Make her spec what she wants.


----------



## MDShunk (Jan 7, 2007)

It's really hard to find a motion sensor that will trip over with that light of a load. Shop well. Most motion sensors have a minimum load that's required on them to let them switch (often 60 or 100 watts). I'm not sure why, but that's the way it is. Some don't have that limitation. I can't think of a particular model to propose for you to use off the top of my head right now.


----------



## B4T (Feb 10, 2009)

Just have him/her find the parts and you will gladly install them. Some of *THOSE *people have really wacky ideas that don't stand the test of time.

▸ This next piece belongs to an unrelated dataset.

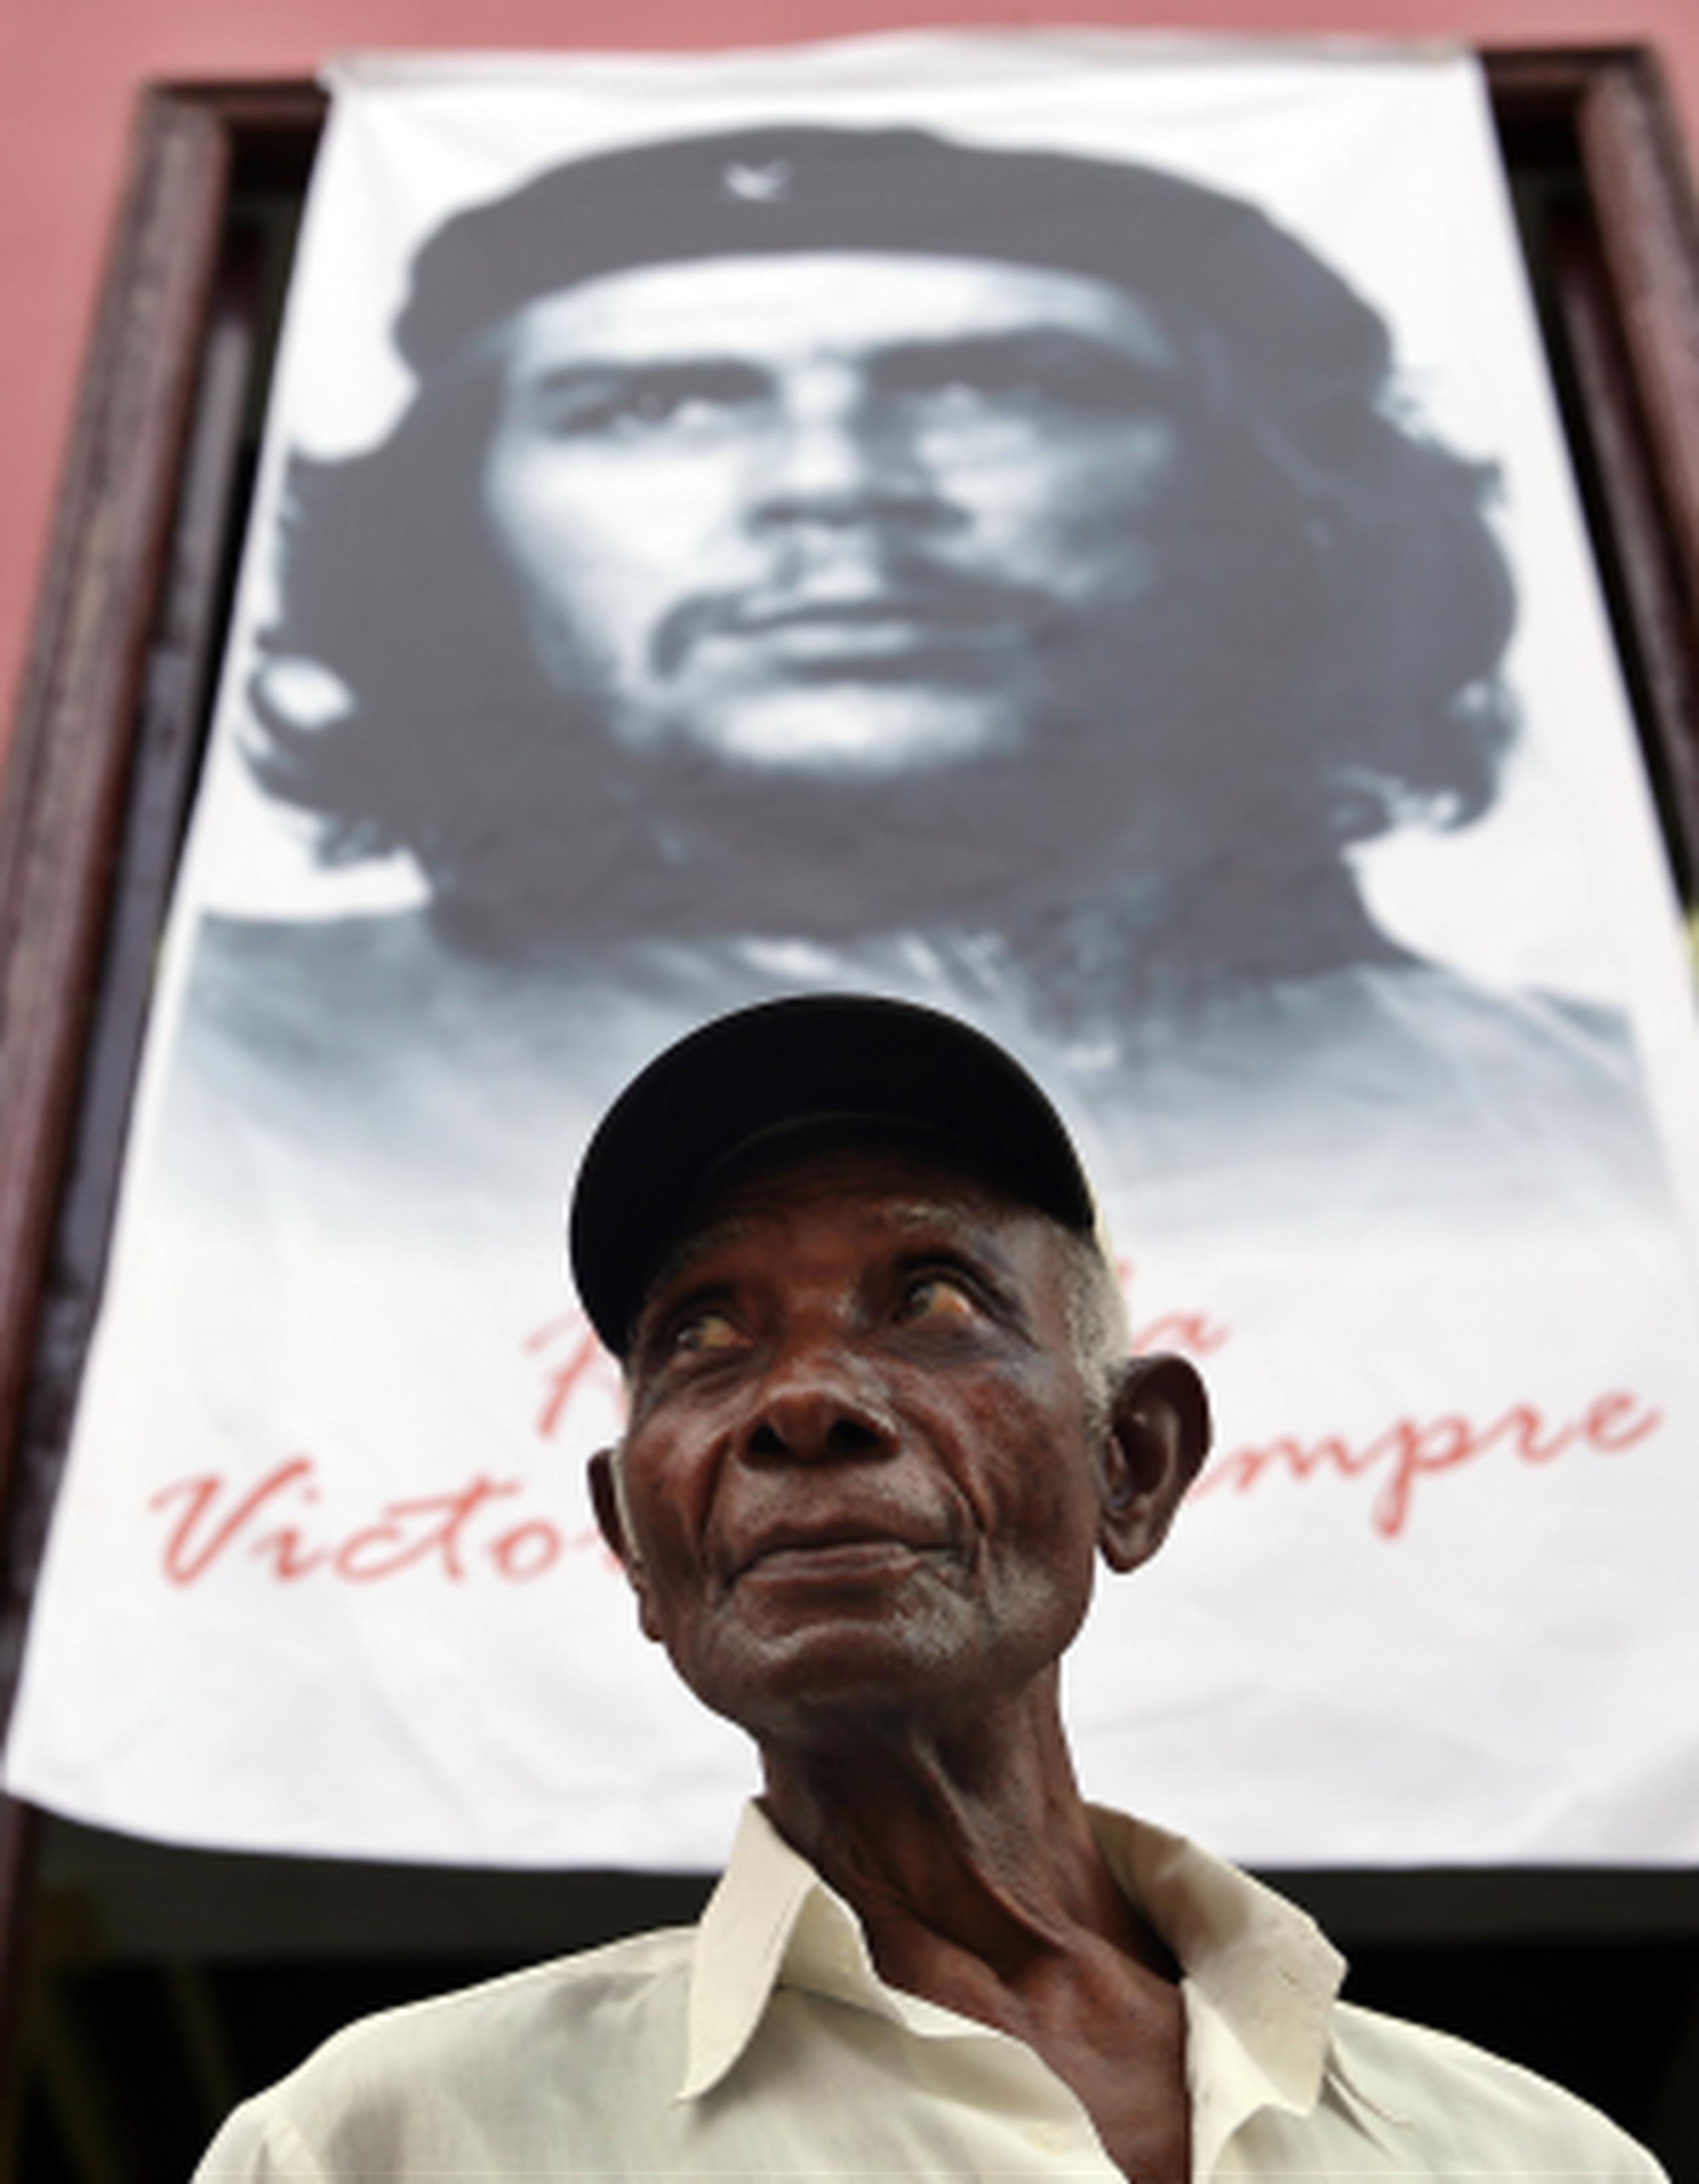 Luis Monteagudo, quien peleó en El Congo con Che Guevara, durante preparativos para la celebración en Cuba del 50 aniversario de la muerte del guerrillero. (AP)

We should be installers when others on the job are pointing the finger at what and where they want it. :blink:


----------



## mikeg_05 (Jan 1, 2009)

MDShunk said:


> It's really hard to find a motion sensor that will trip over with that light of a load. Shop well. Most motion sensors have a minimum load that's required on them to let them switch (often 60 or 100 watts). I'm not sure why, but that's the way it is. Some don't have that limitation. I can't think of a particular model to propose for you to use off the top of my head right now.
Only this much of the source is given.